Reproduce exactly, leaving out pictures, each line from the one holding "Apple iPhone 13" through the final line of the listing, and add nothing.

▶ **Recorded information**
== Segment start ==
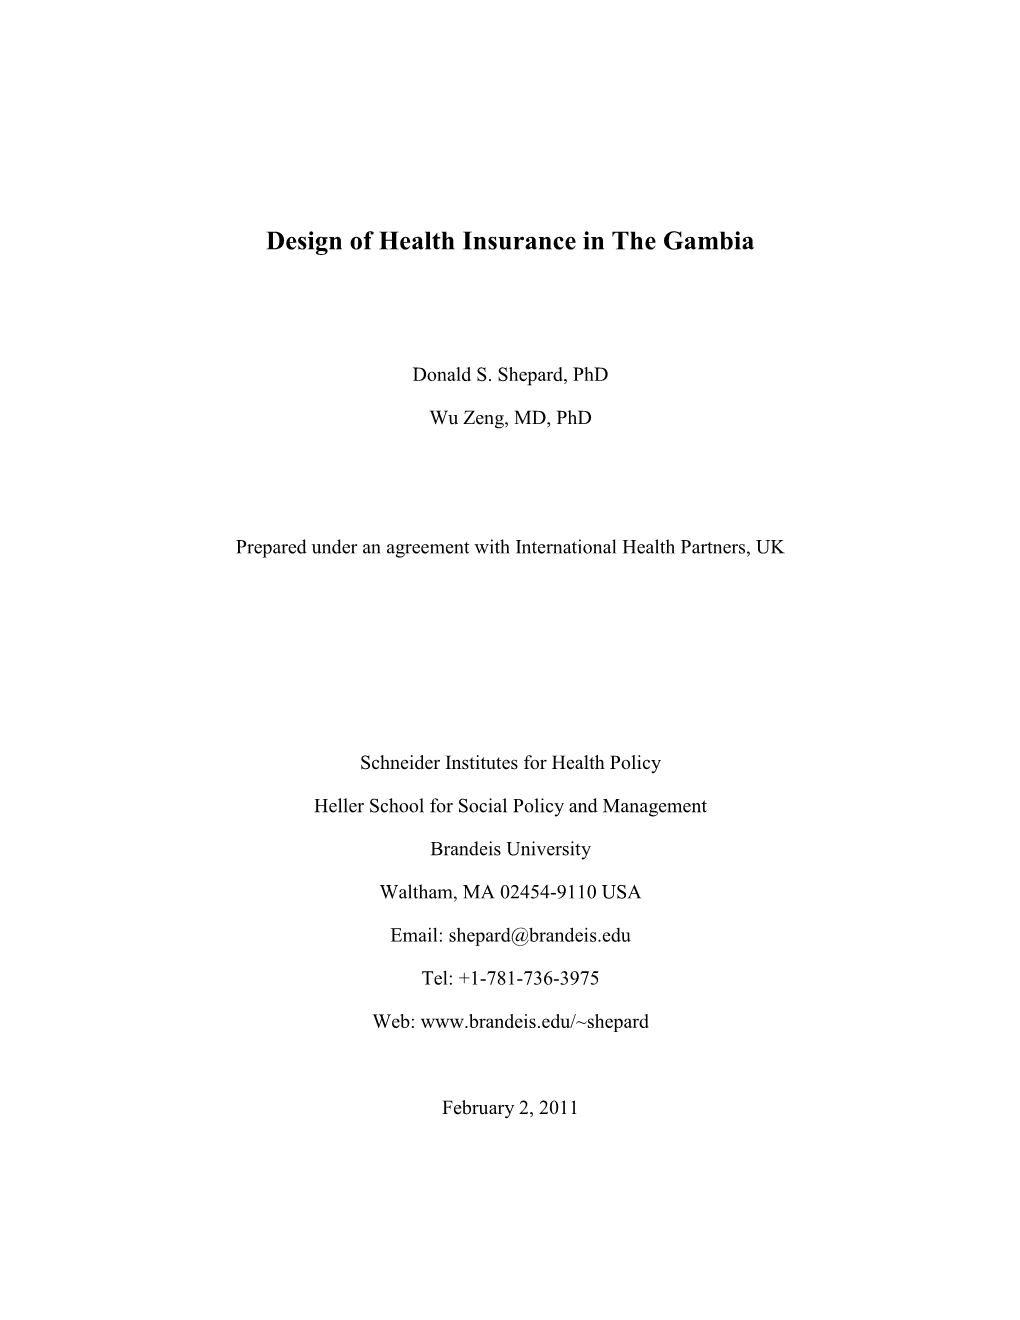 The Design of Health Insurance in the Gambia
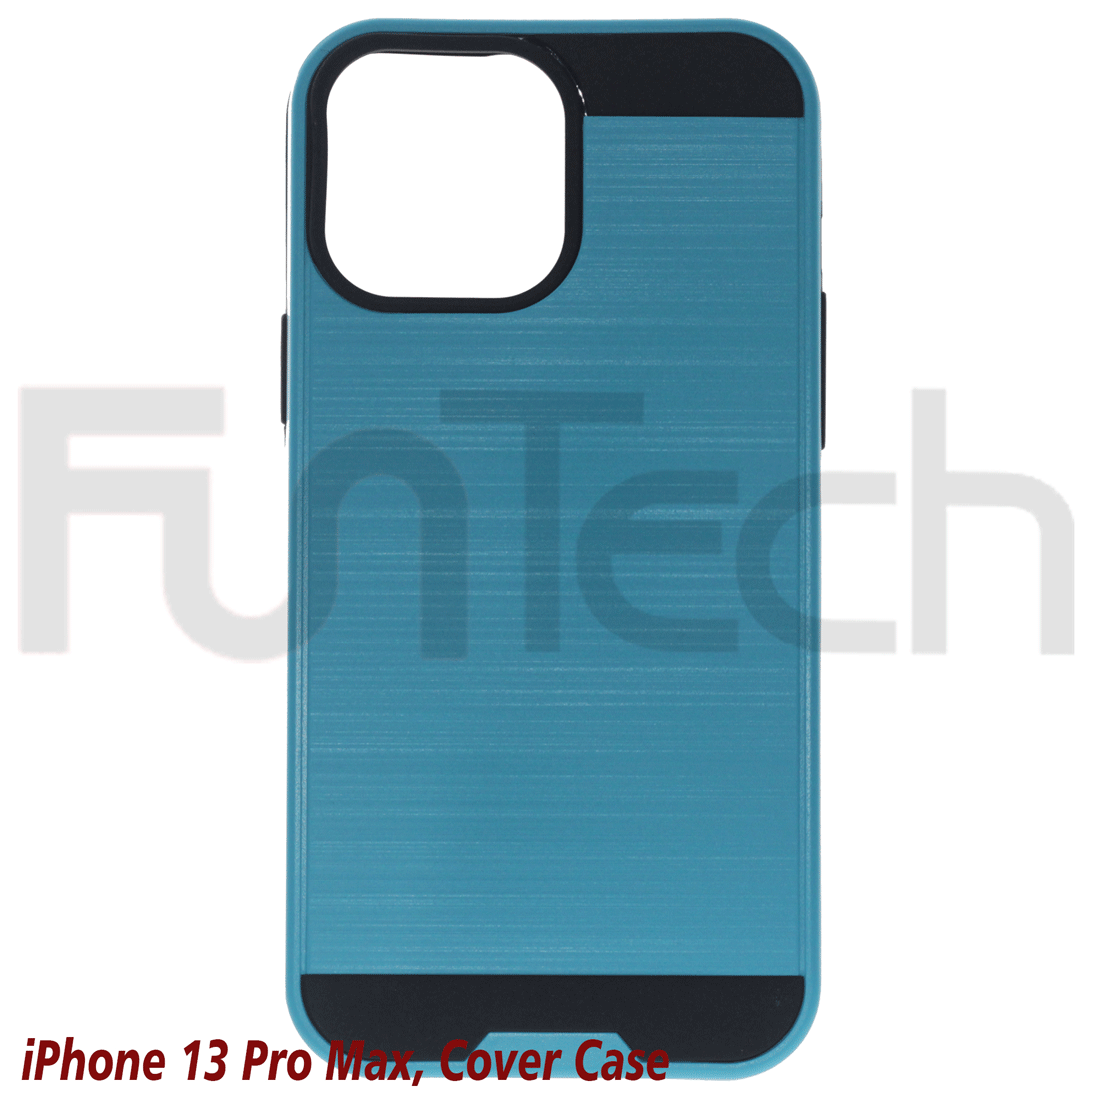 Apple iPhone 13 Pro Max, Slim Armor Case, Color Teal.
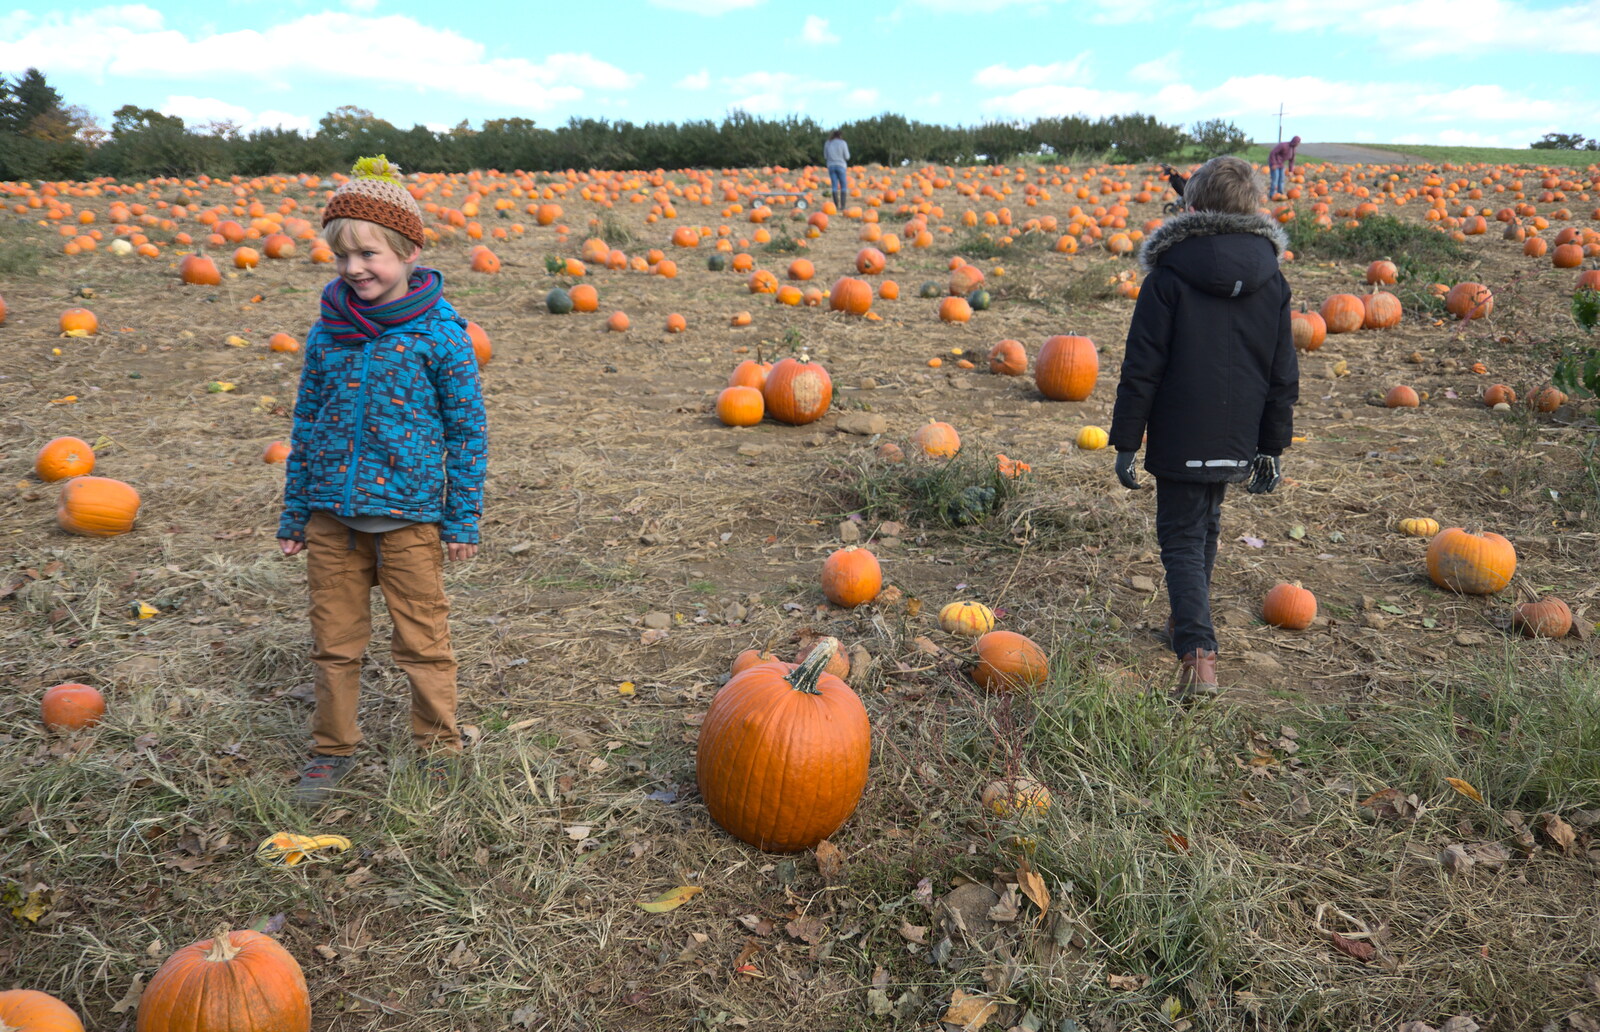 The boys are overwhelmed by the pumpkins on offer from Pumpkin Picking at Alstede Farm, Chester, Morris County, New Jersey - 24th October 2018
== Segment end ==
▶ **Completed task**
 Apple iPhone 13 Pro Max, Slim Armor Case, Color Teal.
 The boys are overwhelmed by the pumpkins on offer from Pumpkin Picking at Alstede Farm, Chester, Morris County, New Jersey - 24th October 2018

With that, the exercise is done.